Facing its first budget increase in years, LA Unified board members set to debate how to spend it

A meeting of the Los Angeles Unified School District Board of Education. The board is scheduled to vote on a new budget on Tuesday
A meeting of the Los Angeles Unified School District Board of Education. The board is scheduled to vote on a new budget on Tuesday David McNew/Getty Images

Los Angeles Unified School District’s board of education is set to vote Tuesday on next fiscal year’s budget. For the first time in years, members will not be faced with figuring out where to make drastic cuts.

The budget proposed by Superintendent John Deasy for the 2013-14 school year has $266 million more than last year’s budget - due in part to an improving economy and last year’s voter-approved state tax increase for schools.

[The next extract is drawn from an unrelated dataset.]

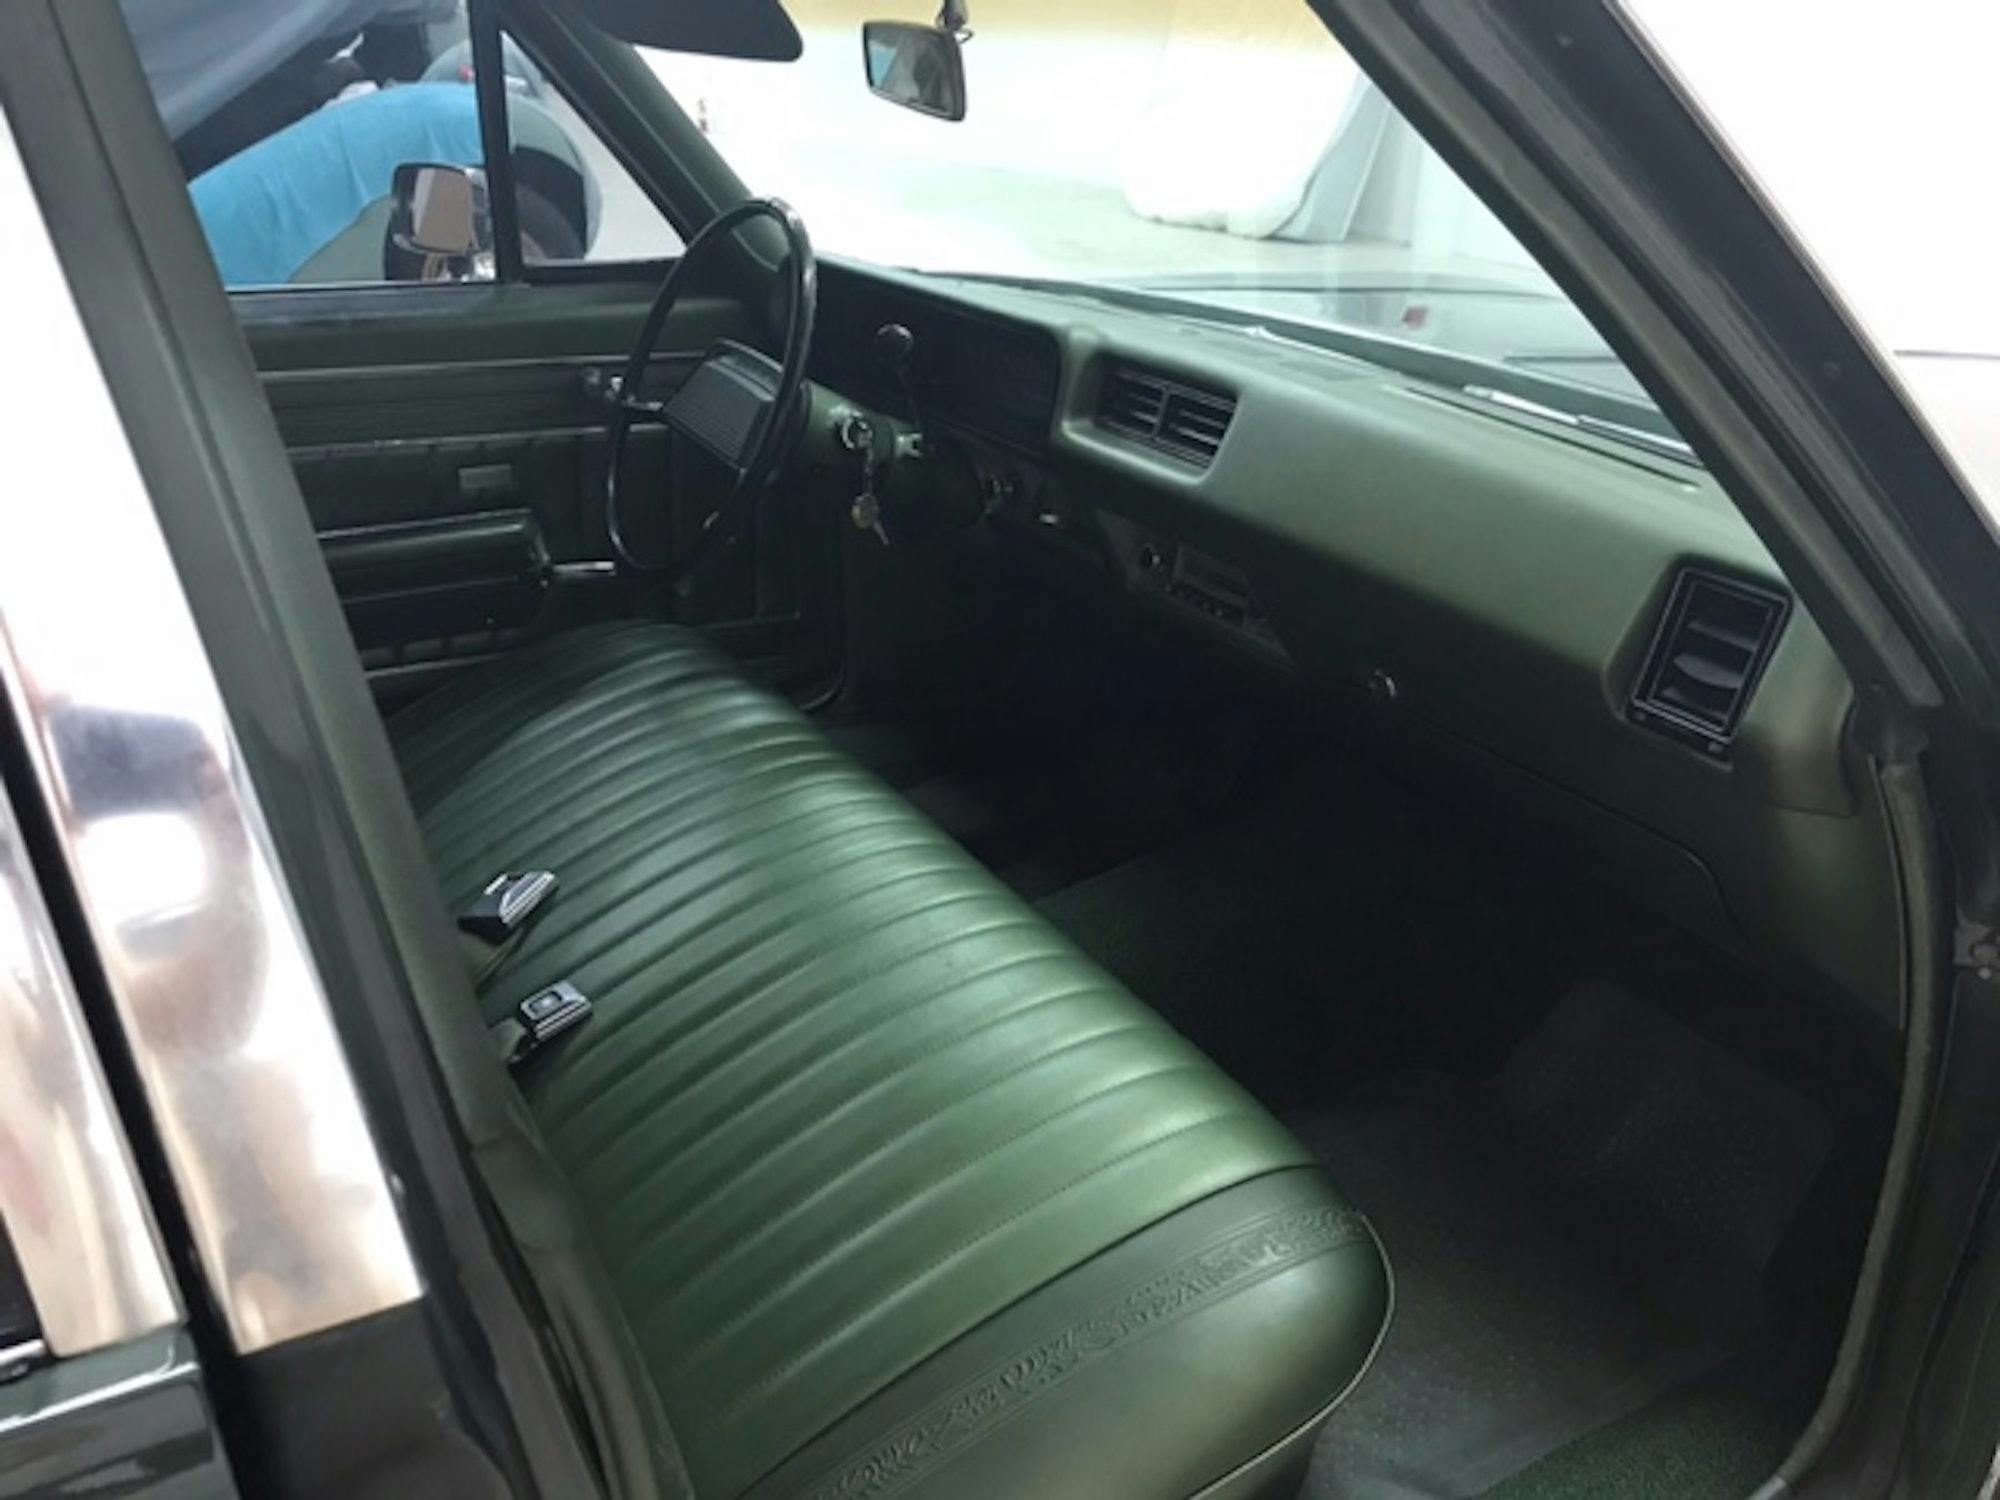 1969 Buick Sportwagon 400 wagon vintage green

The state is requiring the district to spend some of that extra money to help students in poverty, in foster care, or whose first language isn't English.

But the district can decide how to spend other funds  -- and that may create some tension among board members at Tuesday’s board meeting. Board member Monica Garcia wants to continue the district’s focus on low performing schools.

“I think it is a call to now do more than just survive and move on smaller projects,” she said. She also wants to see employee raises. Zimmer wants to rehire teachers to reduce class sizes.

Similar debates are raging in smaller districts, too, said Alex Cherniss of the LA County Office of Education.

“Many school districts are going to look to apply their new funds to reducing class size, to negotiating with their unions,” he said.

It’s a good problem to have, Cherniss said.

Board member Steve Zimmer said budget votes the previous five years have been painful. He’s had to OK employee layoffs, unpaid days off for workers and cuts to the school calendar to make up for hundreds of millions of dollars in reductions from Sacramento.

“I don’t know how much folks realize how close we were to losing public education as we know it,” he said. 

There will still be some small trims in a few programs, board members said. But overall it will be good news.

Governor Jerry Brown is calling for increases to funding for students in poverty and English learners for the next eight years.